In her privilege speech last Monday, Bagong Henerasyon Rep. Bernadette Herrera, or simply BH, decried the agreement the government had entered into with Maynilad and Manila Waters, claiming they were “bursting with provisions of numerous illegalities and excessive misinterpretations all to the detriment of the Filipino people,” starting with the term used to describe both Maynilad and Manila Water—concessionaires or agents of MWSS.

According to BH, to consider the concessionaires as mere agents of MWSS is by all means farcical as they are in fact public utilities.

“For those who insist on their status as agents of MWSS, you are responsible for allowing these companies to pass on ‘business expenses’ and corporate income taxes that they should rightfully be paying, all to the consumers. These include the outlandish and ridiculous provisions in the concession agreements to pass on to the consumers all legal and arbitration expenses,” BH said.

In 2018 alone, BH bared that both Maynilad and Manila Water sought to pass on to the consumers by increasing rates to cover corporate expenses such as donations, travel expenses, sports expenses, legal and arbitration fees, and corporate income taxes.

Through this same “agency treatment,” BH said these companies have abused the system even further, determining that the maximum 12-percent limit rate of return imposed on public utilities do not apply to them as they are “mere agents.”

But not only that. According to BH, the government has bent over backward in favor of these companies as the so-called “innovation” of the MWSS Regulatory Office, in its interpretation of the Concession Agreement, allowed the concessionaires to collect fees via the water tariff capital investment plans and programs that have not yet been implemented or have already been abandoned.

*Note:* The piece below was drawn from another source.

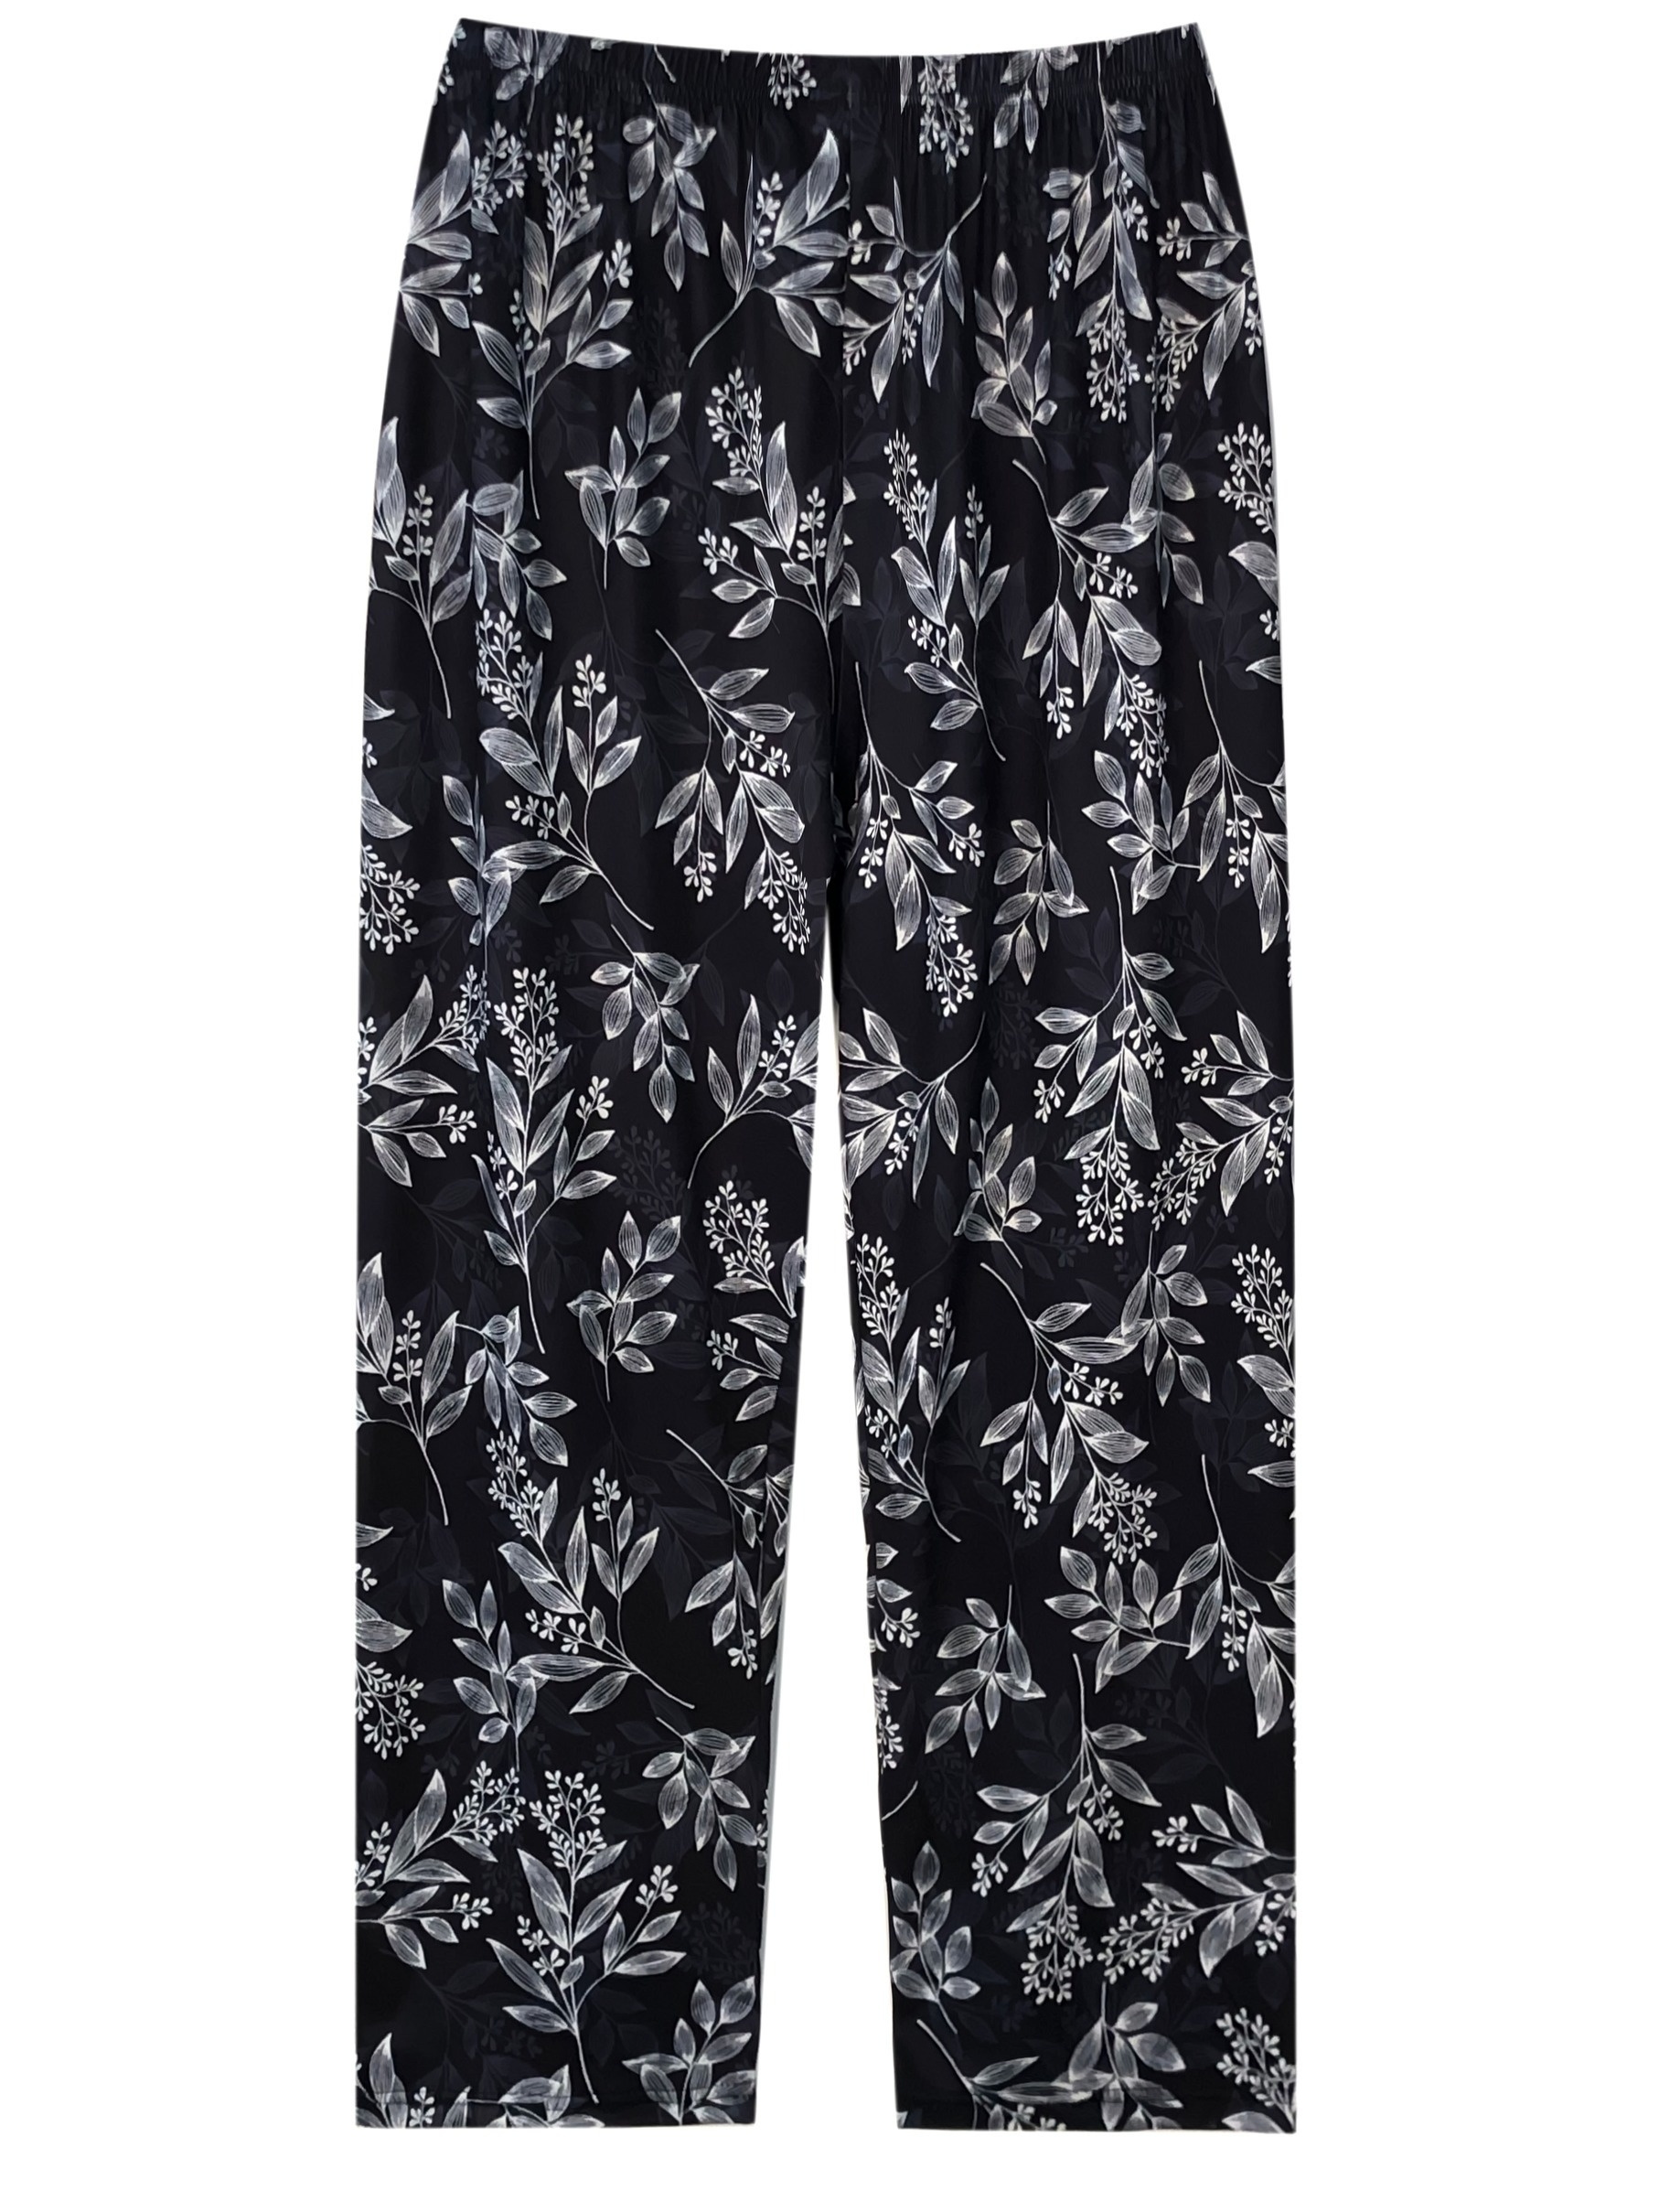 Women's Plus Size Pajama Lounge Pants Elastic Waist Gray Floral

They were allowed to bill consumers for projects that to this day have yet to be fully implemented. To name only a few: (a) The Wawa Dam Project (P732 million); (b) The Laguna Lake Project (P100 million); (c) The Laiban Dam Project (P45.3 billion); (d) The Pinugay Sewerage Treatment Project (P600 million and overpriced); (e) The Angat Water Reliability Projects (P5.4 billion); and, (f) The Earthquake Contingency Project (P4.130 billion).

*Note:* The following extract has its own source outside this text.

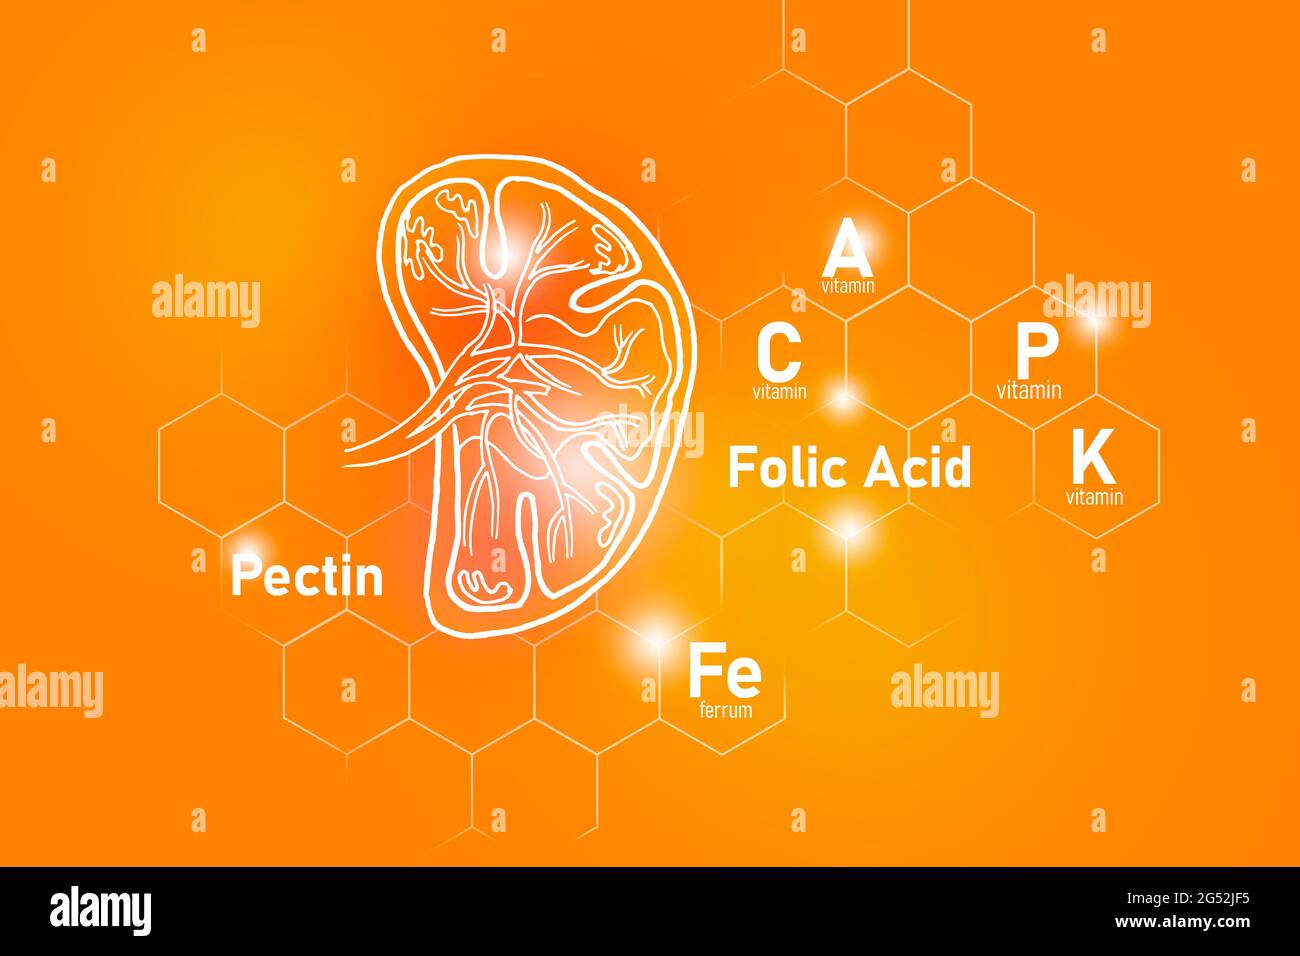 Essential nutrients for Spleen health including Pectin, Folic Acid, Vitamin P, Ferrum.Design set of main human organs on positive orange background. Stock Photo

For the above-mentioned projects alone, a total of P56.26 billion have been billed in advance from the Filipino people, BH bared.

But the question is, according to BH, where are these projects today? 

“Why is it that the benefits from these haven’t been felt by the people? How is it that this year alone, our own people suffered from a massive systematic water shortage that disrupted the national capital region?” BH asks.

So, you think Maynilad and Manila Water are being generous when they decided to waive the P11-billion fine they were to collect from the government? Hell, no!

They still have the P56 billion they have already collected from us. And they still have their savings from the non-payment of taxes.

They have charged us for their various business expenses, and for projects some of which are already abandoned or yet to be fully implemented.

These issues should not be allowed to rest with the simple revocation of their extension and the waiver for the fine. The agreement should reviewed, amended, and if necessary, revoked in its entirety.

As BH declared in the opening of her speech, “an unjust contract is no contract at all.” That clearly applies to the agreement the government had entered into with both Maynilad and Manila Water.